Thanks for info. I am resigned to accept that istiodactylids were scavengers. Still, the thought of a vampire pterosaur chasing sauropods is incredibly cool ;)

About hyperprecociality. Little pterosaur runs into big problems with laws of physics. It has completely different aerodynamics than the grown adult. Large pterosaurs were soaring forms, but their hatchlings were unable to soar at all. So I have serious doubts that pterosaurs were really precocial.

About site gallery - wonderful resource. Anybody noticed how long and curved were hind claws of that tapejarid? I guess it was tree climber and not marine form at all.

After taking a gander at the site, it is a nice resource, have to say. And wow the anurognathids are neato. Add that to the list of startling convergences, anurognathids+nightjars+bats(maybe).
@Jerzy
'Perhaps I need to qualify my statement to, there is no modern tetrapod endotherm analog to juvenile and adult pterosaur forms occupying different niches.'

"Surely that's mainly due to the fact that most juvenile endotherms, by and large, don't need to fend for themselves; they are provided food, protection etc. by their parents (or, in the case of avian brood parasites, their foster parents) until adulthood or near-adulthood. Juvenile megapodes, which are independent from the moment of hatching, might be the most significant exception though I don't really know quite how ecologically different they are from their adults."

Yeah, I admit that my general observation may not be as general as I originally thought- it's just that all endotherms today have a modicum of parental care after birth or hatching, with a few rare exceptions like the megapode- equivalent to saying superprecociality is rare among extant endotherms. Doesn't make it any less weird that in the Mezozoic the landscape was dominated by superprecocious endotherm young, and altricial or precocious young were an evolutionary innovation that was still rare (or in the minority) among tetrapods.

I hope that pique at Dan H.'s comments doesn't blind the site proprietors to his serious warning about PHP vulnerabilities.

By Nathan Myers (not verified) on 12 Jan 2010 #permalink

2009 was already huge for pterosaurs, in a sense, thanks to the efforts of a few dedicated creationists who have worked hard to spread the word that people are seeing live pterosaurs all over the world. I read a lot of Fortean and cryptozoological stuff on the web, and a few years ago, pterosaurs were hardly ever mentioned. Now they have a respectable presence!

By Johan Wikberg (not verified) on 12 Jan 2010 #permalink

About hyperprecociality. Little pterosaur runs into big problems with laws of physics. It has completely different aerodynamics than the grown adult. Large pterosaurs were soaring forms, but their hatchlings were unable to soar at all. So I have serious doubts that pterosaurs were really precocial.

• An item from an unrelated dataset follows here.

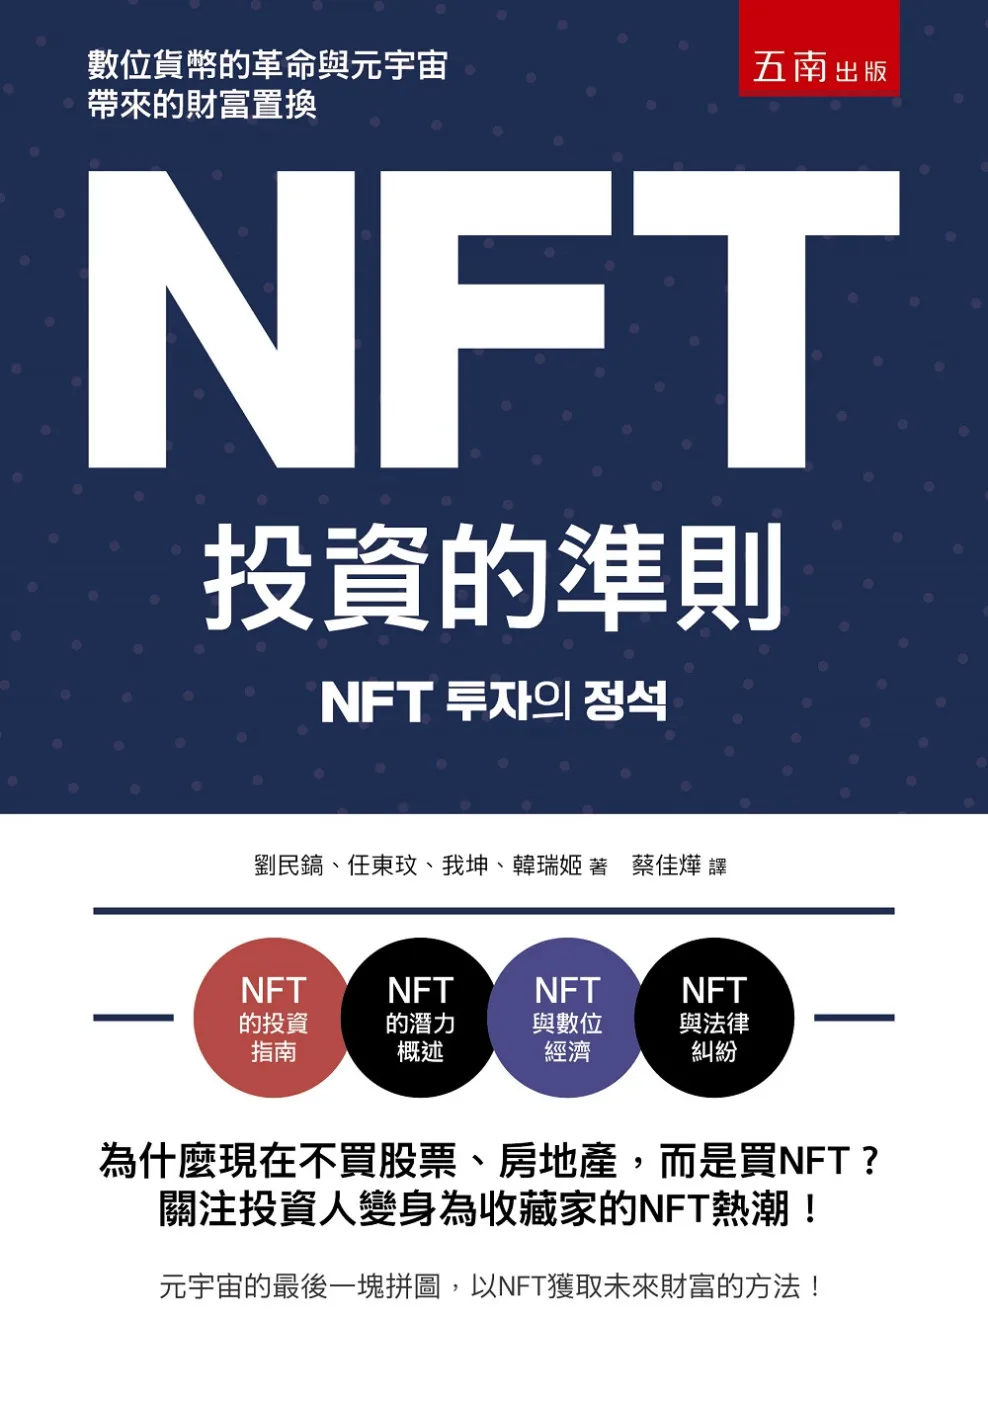 NFT投資的準則
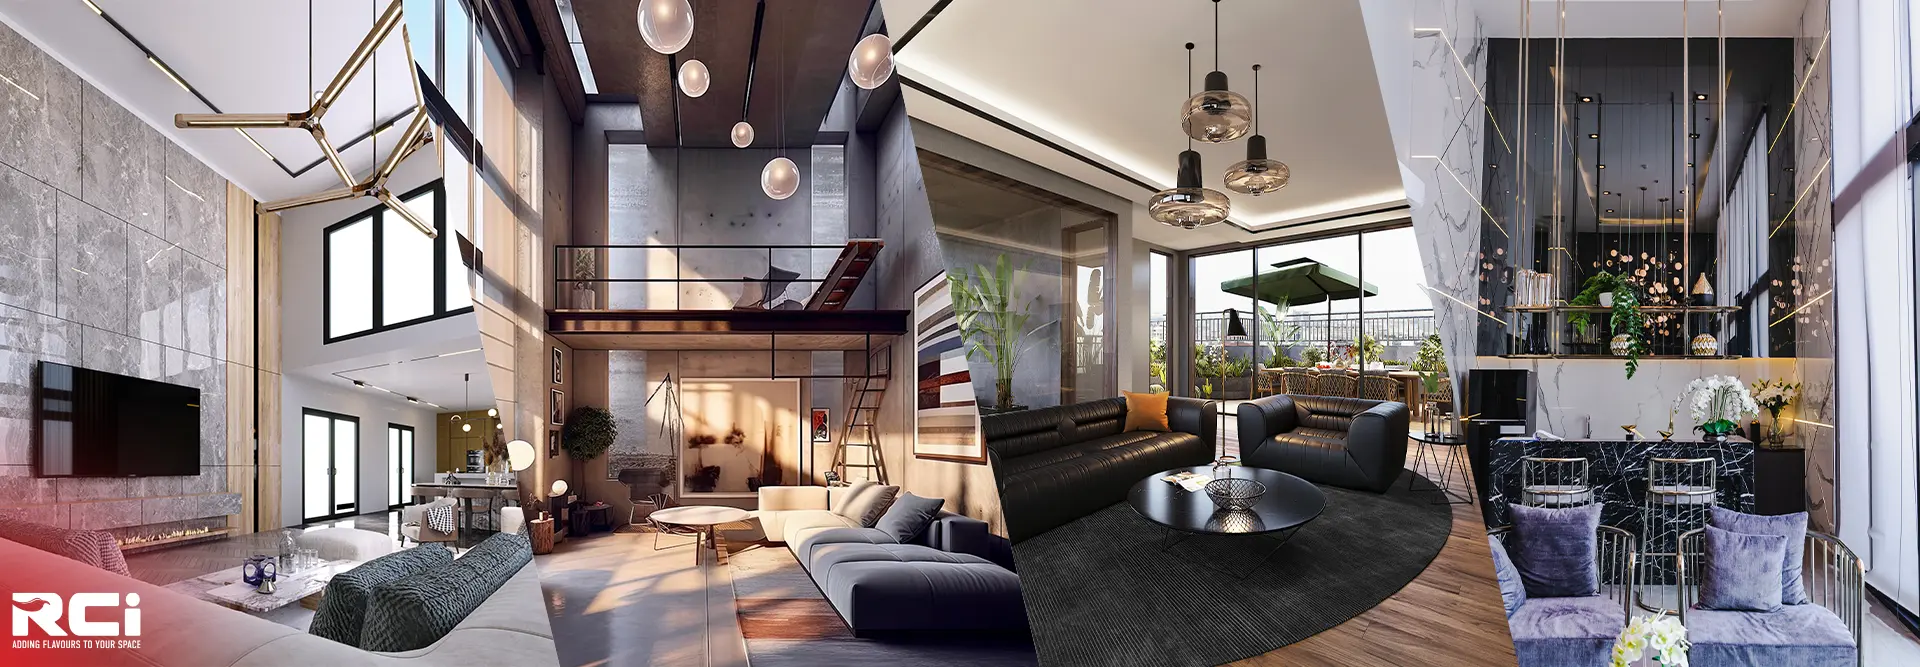 Elegant penthouse interior design showcasing luxurious living spaces by RCi Red Chillies Interiors LLC in Dubai.

Most pterosaurs were not soarers!

And isn't there evidence that Pteranodon (a marine soarer) grew much faster than Pterodactylus and Rhamphorhynchus?

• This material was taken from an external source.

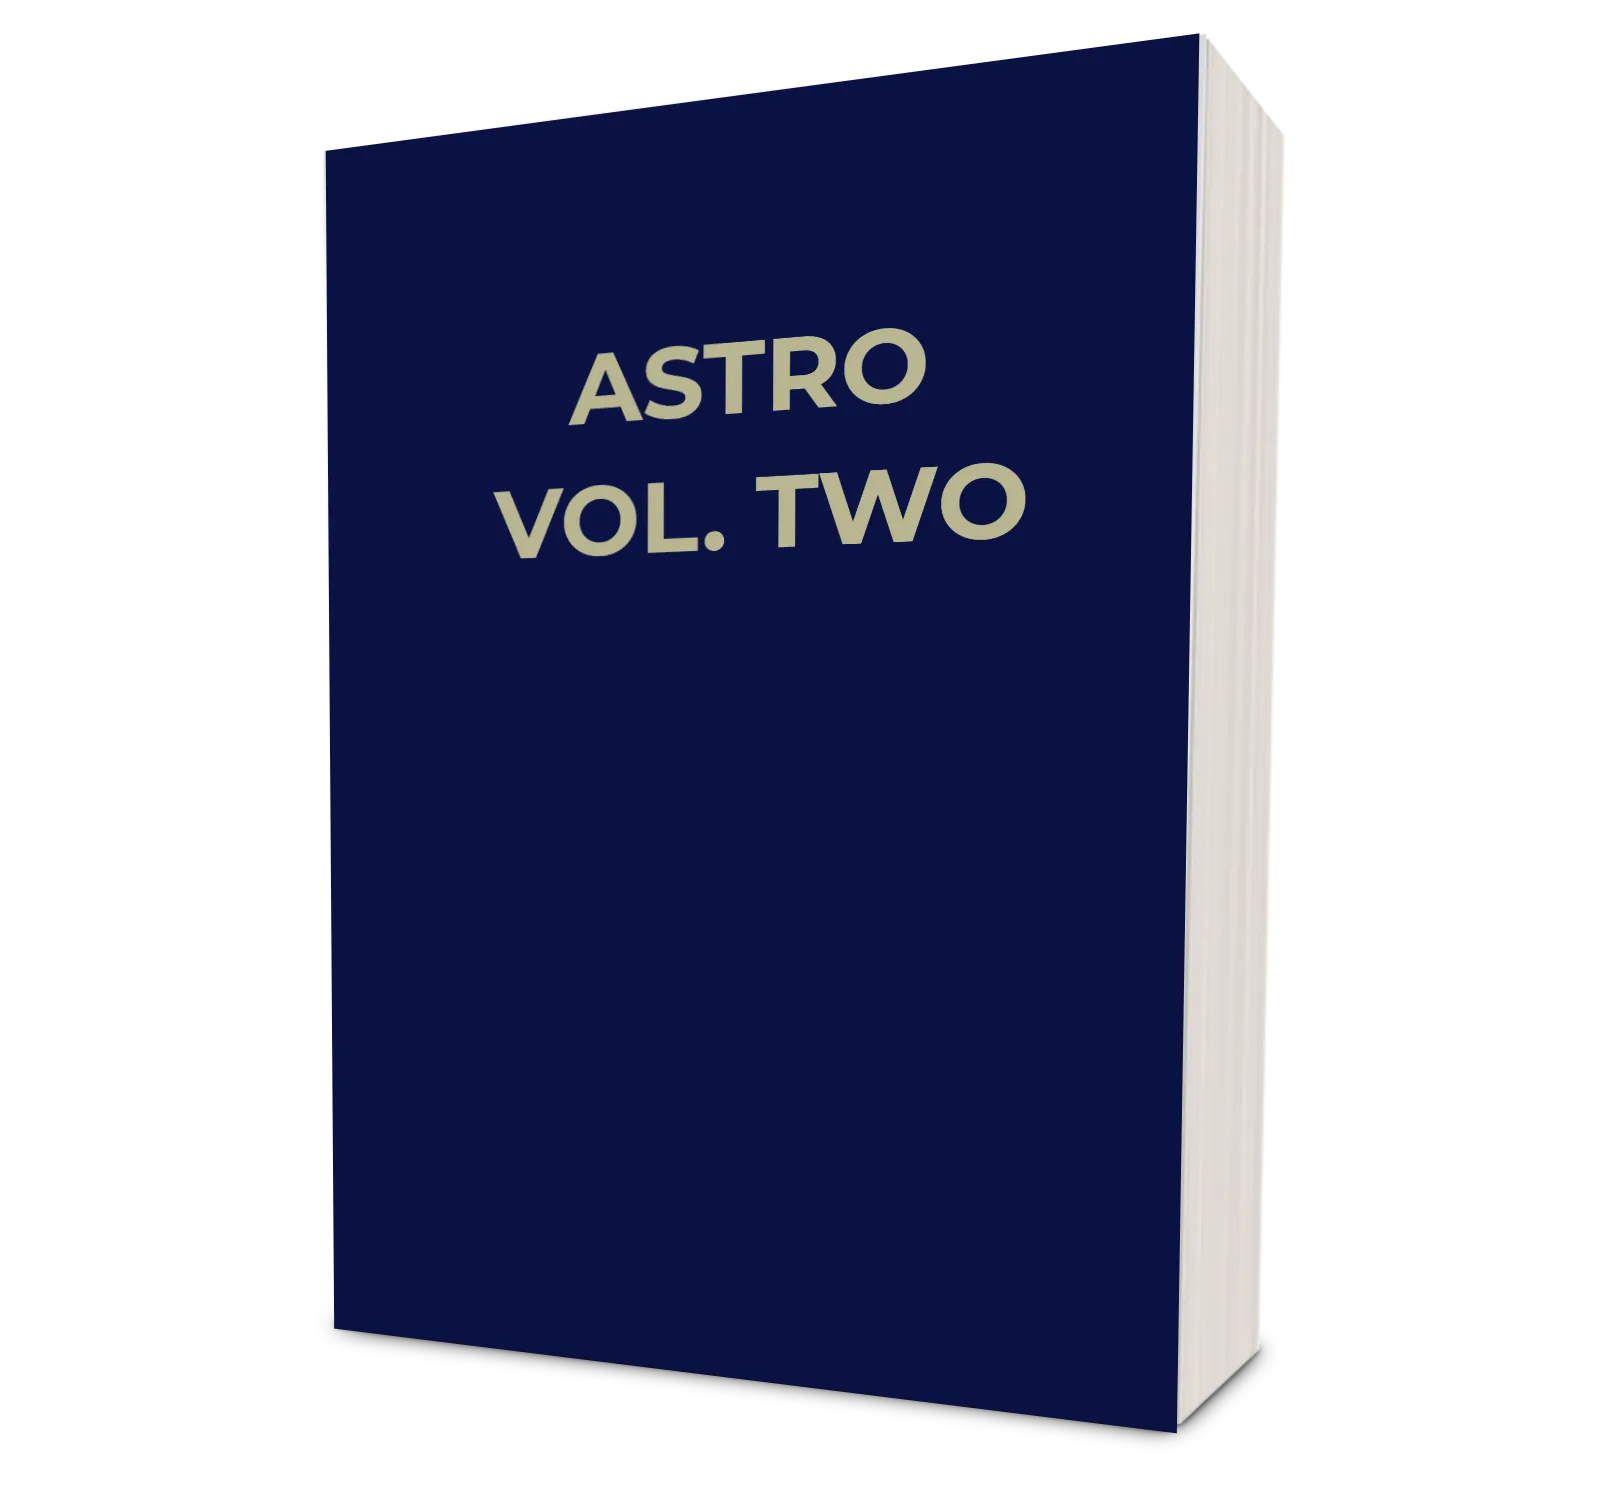 Astro Vol II Small Astro Cycles

I hope that pique at Dan H.'s comments doesn't blind the site proprietors to his serious warning about PHP vulnerabilities.

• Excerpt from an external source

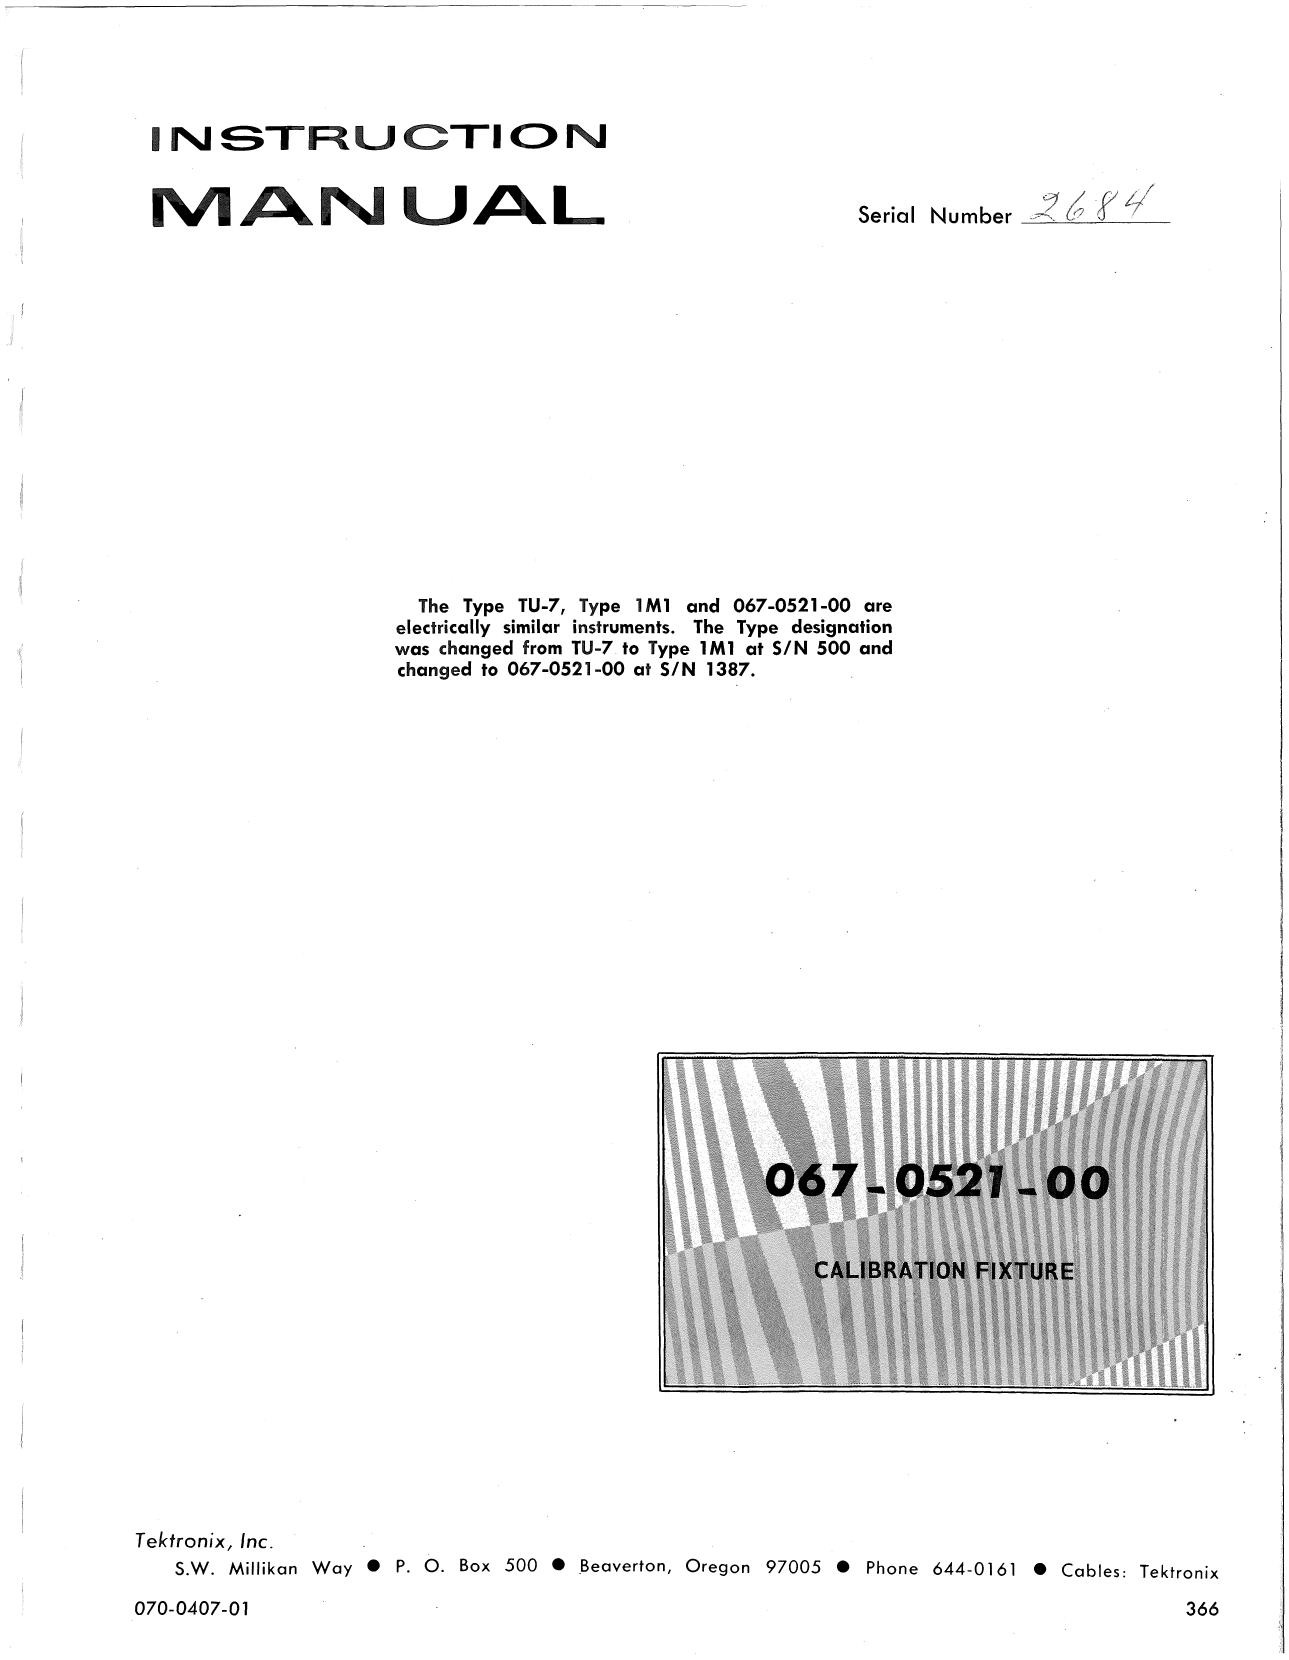 Tektronix TEK 305 Oscilloscope Service Manual With Complete 17"x11" Diagrams CD

They don't read this page anyway.

By David MarjanoviÄ (not verified) on 13 Jan 2010 #permalink

David; they are talking about the pterosaur site, not this one

By Sven DiMilo (not verified) on 13 Jan 2010 #permalink

@Nathan Myers

I don't really want to get into an off-topic debate about scripting languages, but I think this concern about PHP is a little odd. If it were such a security nightmare, I suspect Google, Wikipedia, Facebook and all the huge sites that that run on PHP would be abandoning it.

The site is running on PHP 5, which has fewer security concerns than vanilla installs of older PHP versions, doesn't use a database so isn't vulnerable to SQL injection, and has no public-facing inputs at all, I think this hand-wringing is silly.

why did pterosaurs go extinct? duh. they were ground nesters. most of them drowned in the flood.
They aren't completely extinct (and yes, something can be partially extinct or somewhat unique); a few survived and can be seen in hollywood productions, such as jonny quest cartoons

What an excellent idea, a Pterosaur dedicated website, now I know why to catch up on the latest news re Azhdarchidae, Pteranodontidae etc.